Also note that following two default constructors are not the same:

A() = default; //1
A() {} //2

• 1 is a trivial default constructor. You are explicitly telling the compiler to generate a trivial default constructor.
• 2 is non-trivial user defined constructor.

Should functions declared with `= default` only go in the header file

An explicitly-defaulted function is not necessarily not user-provided

What would be the best practice in this case?

I would recommend, as a rule of thumb, unless you explicitly and wantonly know what you are getting into, to always define explicitly-defaulted functions at their (first) declaration; i.e., placing = default at the (first) declaration, meaning in (your case) the header (specifically, the class definition), as there are subtle but essential differences between the two w.r.t. whether a constructor is considered to be user-provided or not.

From [dcl.fct.def.default]/5 [extract, emphasis mine]:

[...] A function is user-provided if it is user-declared and not explicitly defaulted or deleted on its first declaration. [...]

Thus:

struct A {
    A() = default; // NOT user-provided.
    int a;
};


struct B {
    B(); // user-provided.
    int b;
};

// A user-provided explicitly-defaulted constructor.
B::B() = default;

Whether a constructor is user-provided or not does, in turn, affect the rules for which objects of the type are initialized. Particularly, a class type T, when value-initialized, will first zero-initialize the object if T's default constructor is not user-provided. Thus, this guarantee holds for A above, but not for B, and it can be quite surprising that a value-initialization of an object with a (user-provided!) defaulted constructor leaves data members of the object in an uninitialized state.

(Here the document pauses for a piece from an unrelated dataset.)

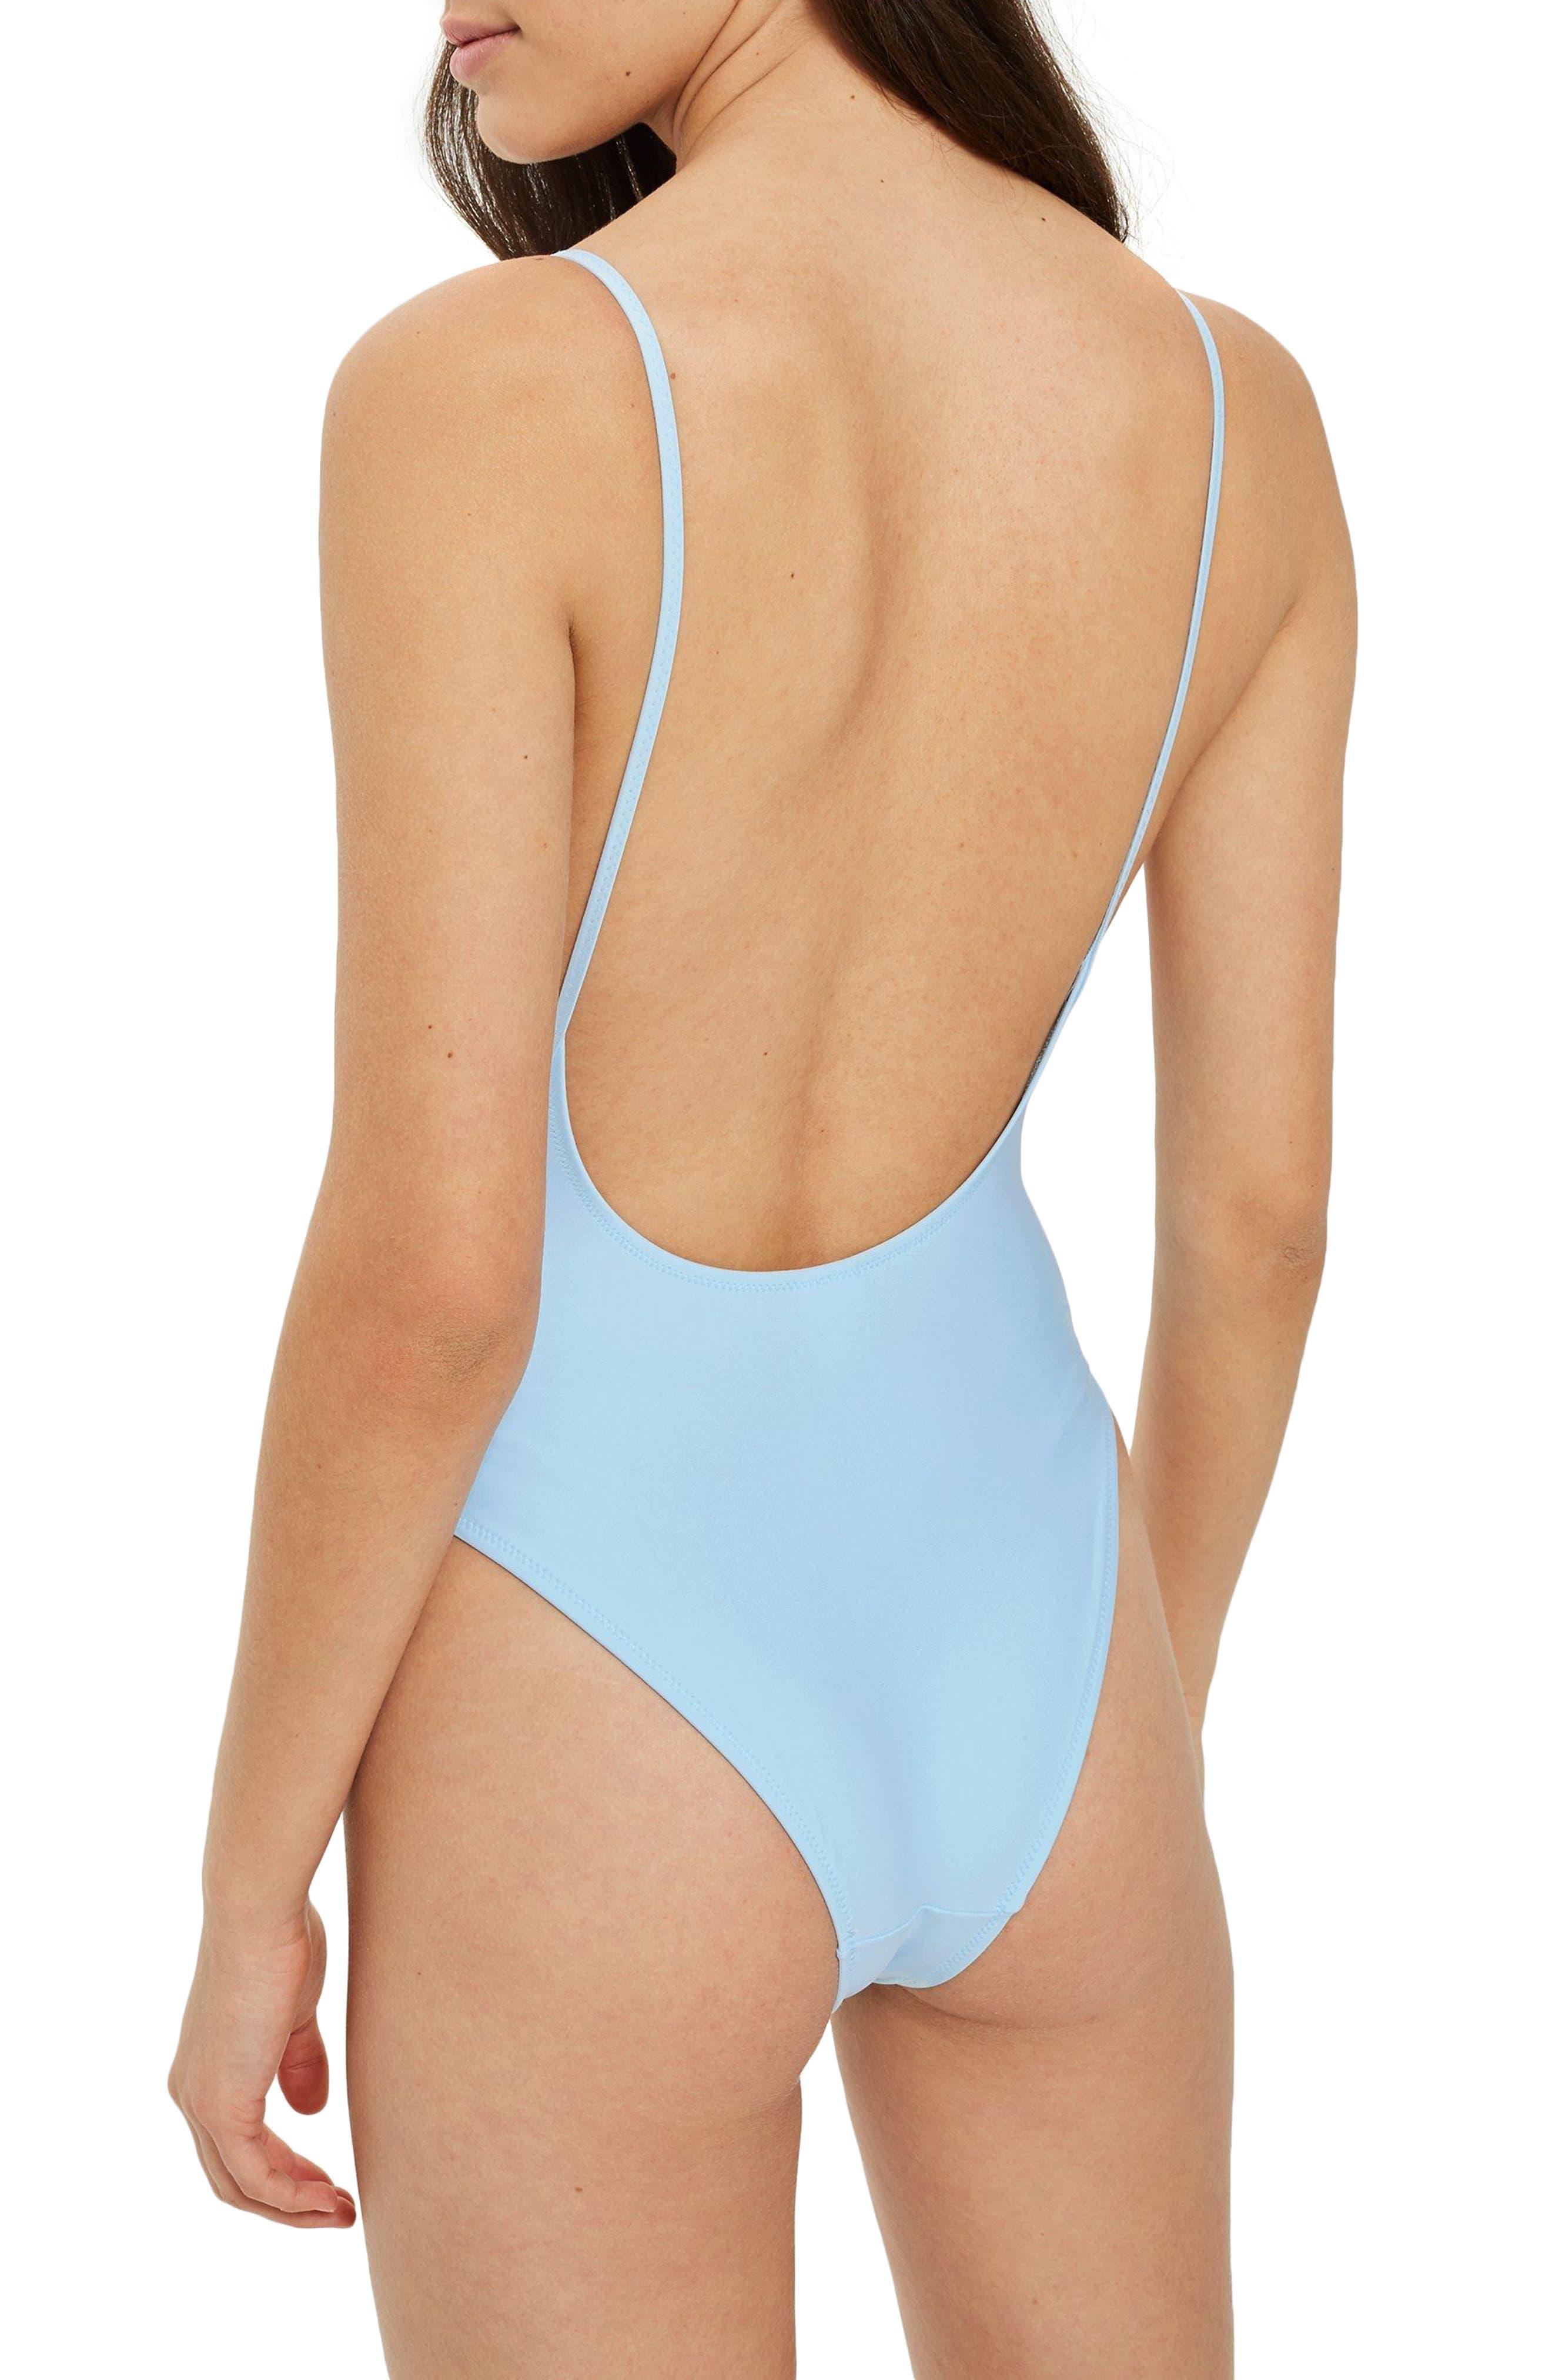 Pamela One-Piece Swimsuit,                             Alternate thumbnail 2, color,                             LIGHT BLUE

Quoting from cppreference [extract, emphasis mine]:

Value initialization

Value initialization is performed in these situations:

• [...]
• (4) when a named variable (automatic, static, or thread-local) is declared with the initializer consisting of a pair of braces.

The effects of value initialization are:

• (1) if T is a class type with no default constructor or with a user-provided or deleted default constructor, the object is default-initialized;

• (2) if T is a class type with a default constructor that is neither user-provided nor deleted (that is, it may be a class with an implicitly-defined or defaulted default constructor), the object is zero-initialized and then it is default-initialized if it has a non-trivial default constructor;

• ...

Let's apply this on the class types A and B above:

A a{};
// Empty brace direct-list-init:
// -> A has no user-provided constructor
// -> aggregate initialization
// -> data member 'a' is value-initialized
// -> data member 'a' is zero-initialized

B b{};
// Empty brace direct-list-init:
// -> B has a user-provided constructor
// -> value-initialization
// -> default-initialization
// -> the explicitly-defaulted constructor will
//    not initialize the data member 'b'
// -> data member 'b' is left in an unititialized state

a.a = b.b; // reading uninitialized b.b: UB!

Thus, even for use cases where you will not end up shooting yourself in the foot, just the presence of a pattern in your code base where explicitly defaulted (special member) functions are not being defined at their (first) declarations may lead to other developers, unknowingly of the subtleties of this pattern, blindly following it and subsequently shooting themselves in their feet instead.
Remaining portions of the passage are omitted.